Museológico

Acordos ortográficos

2020

Identificação do documento/obra

Tipo documental
AudiovisualVideoGênero Documental
Código de Inventário
fala_aud_23
Título
Acordos ortográficos
Descrição

O vídeo apresenta uma entrevista com diversos intelectuais, artistas e professores que falam sobre as transformações da língua portuguesa e sua dinamicidade. Além disso abordam também questões relacionadas às problemáticas existentes no acordo ortográfico.

Transcrição do áudio:

Dante Lucchesi, pesquisador e professor de Língua Portuguesa

A língua está sempre se transformando, acompanhando as transformações culturais. Então, não se pode querer engessar a língua numa forma. Isso é uma característica das chamadas sociedades civilizadas, letradas, ou seja, civilizada no sentido, inclusive o termo civilização vem da palavra latina “civis civitatem”, ou seja, o “civis civitatem”, que é cidade. Então, nessas sociedades, se criou a necessidade de fixar uma forma de língua para ser usada na escrita. [música ao fundo]

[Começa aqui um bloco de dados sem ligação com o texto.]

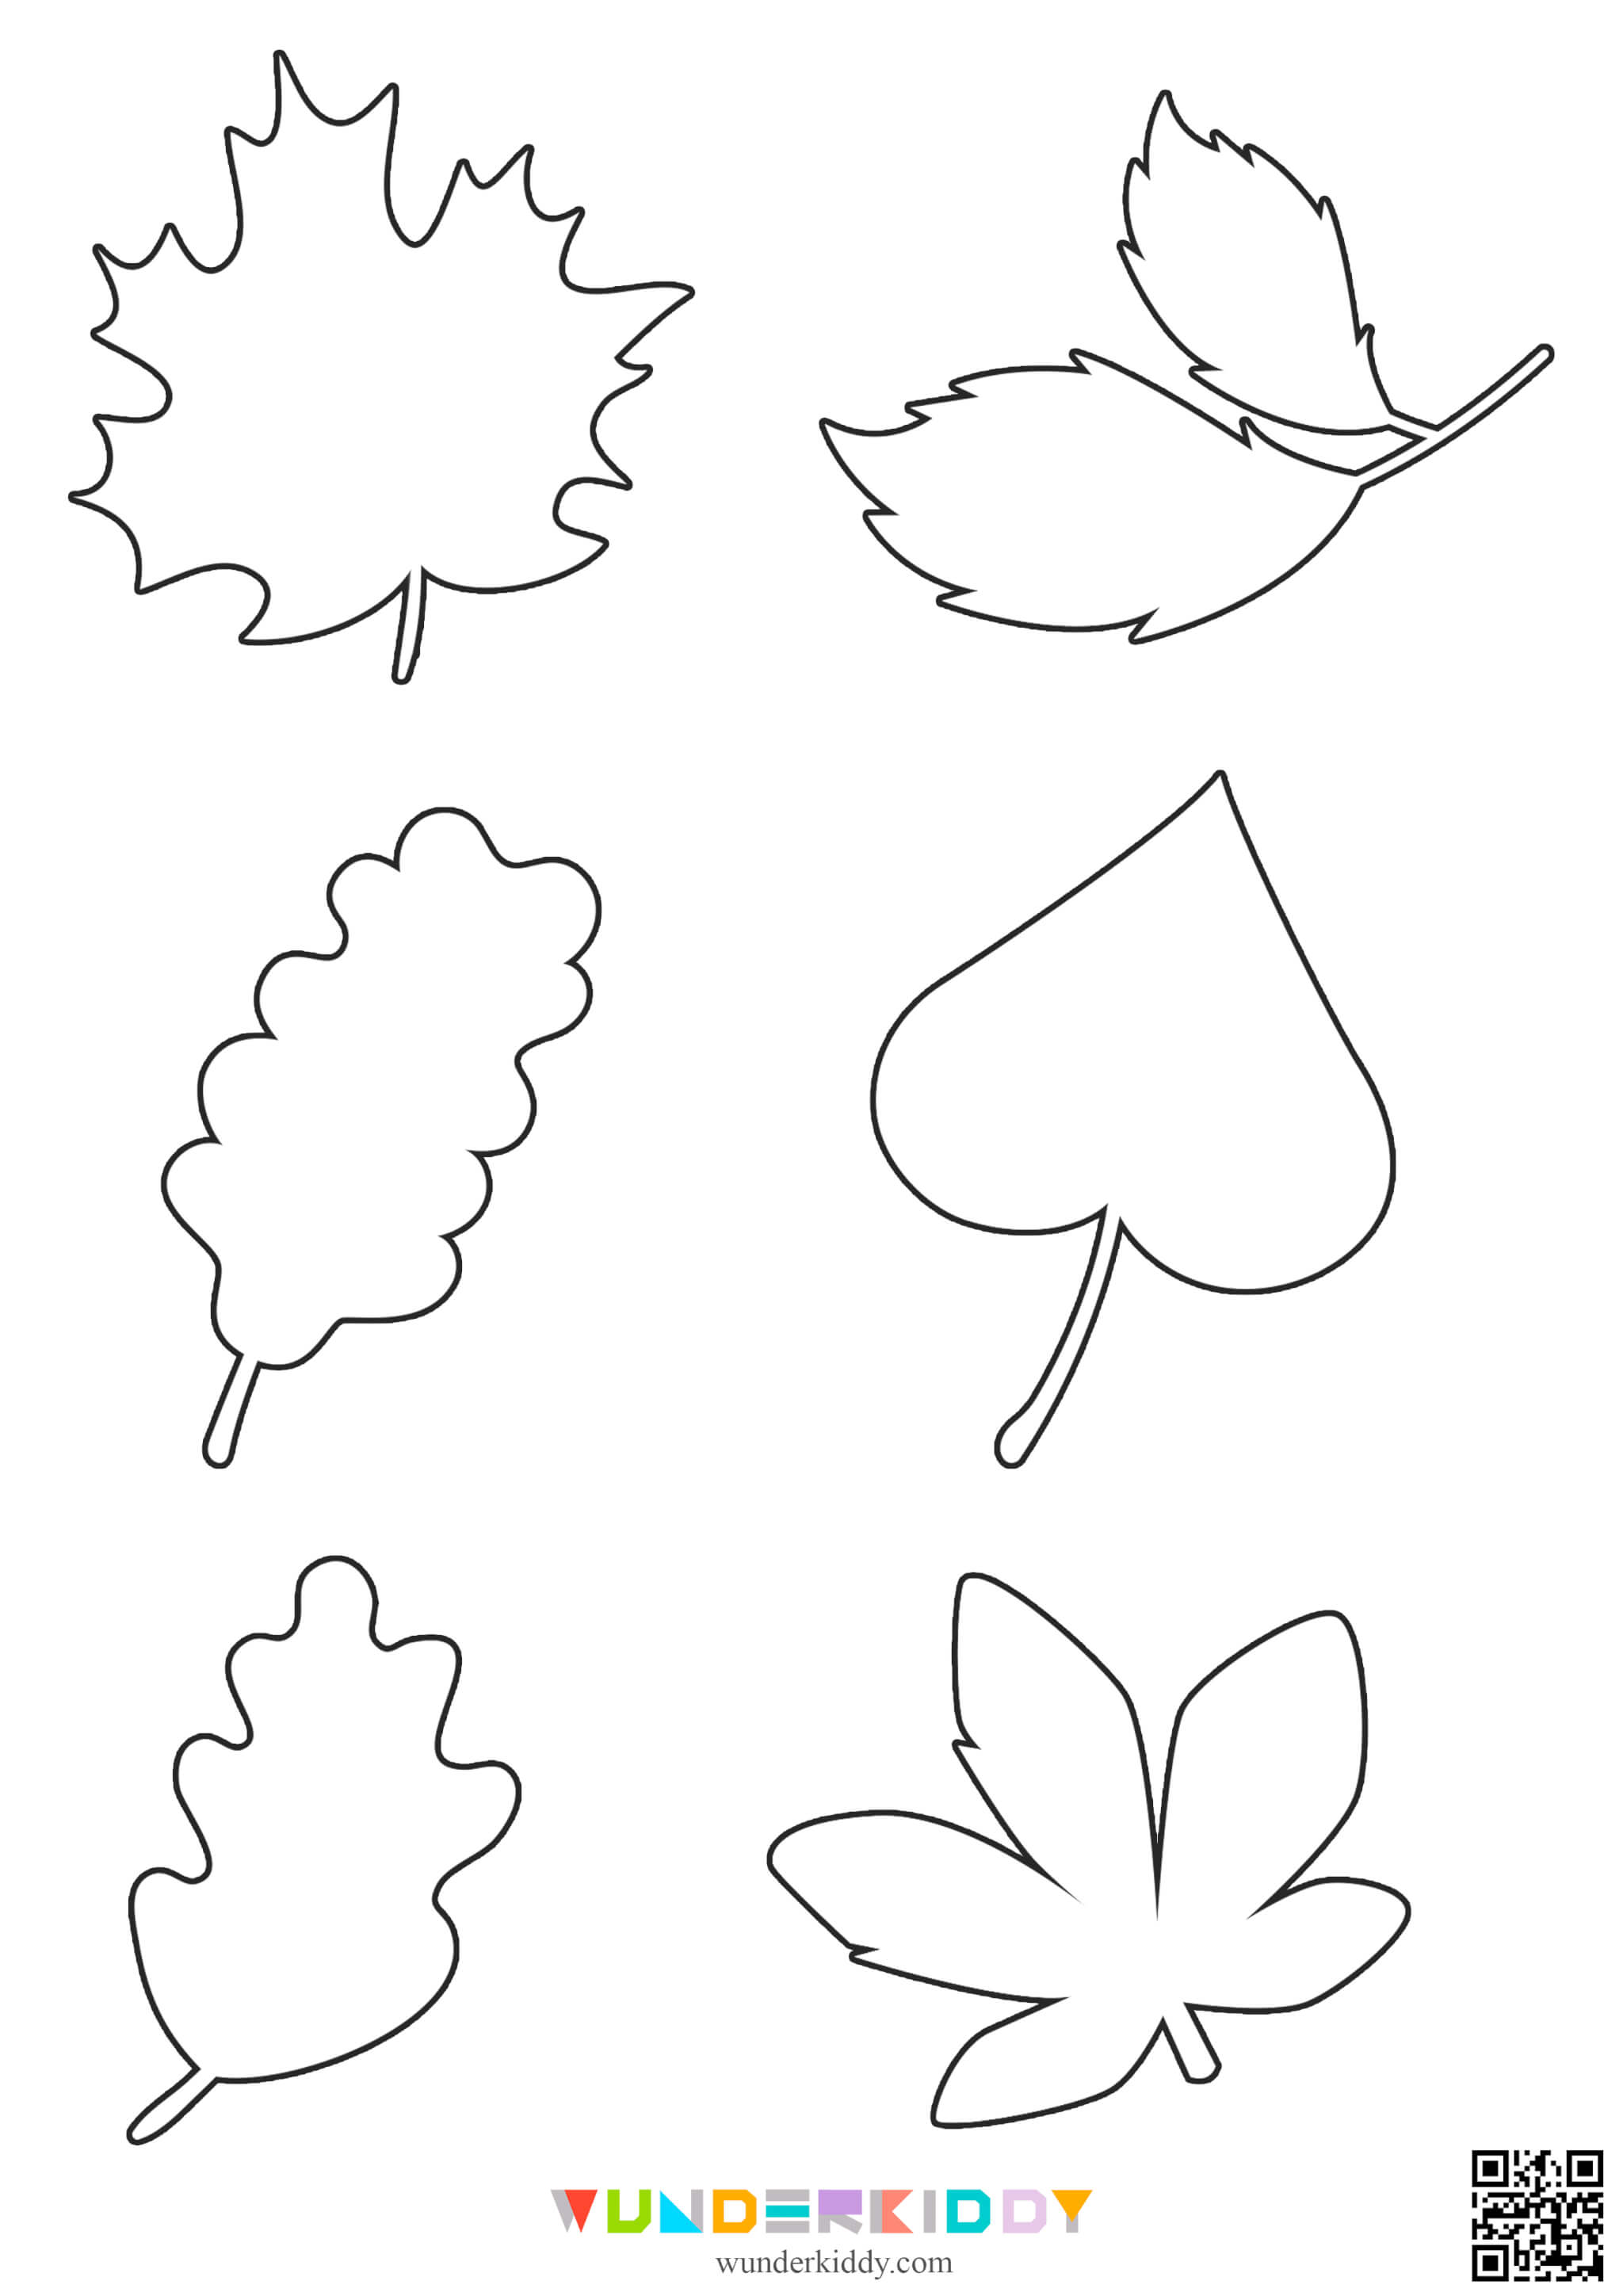 Autumn Leaves Free Outline Templates - Image 5

Alfredina Nery, professora de Língua Portuguesa e Literatura

O que você tem, e que algumas vezes eu acho que faz uma confusão, o que você tem é uma grafia, digamos, uniformizada. Inclusive a escola fez essa confusão durante um tempo. Quando se falava em língua portuguesa, se pensava sempre o quê? Em ortografia, e se “orto”, que é “correto”, grafia, correto, pronto, você já aliava a ideia de certo e de errado. O que hoje a gente questiona muito, nós temos muitas informações da sociolinguística, enfim, da análise do discurso, de uma série de correntes que discutem a língua, de que não há essa perspectiva nem de uniformidade, que é impossível, e nem da ideia de certo e errado.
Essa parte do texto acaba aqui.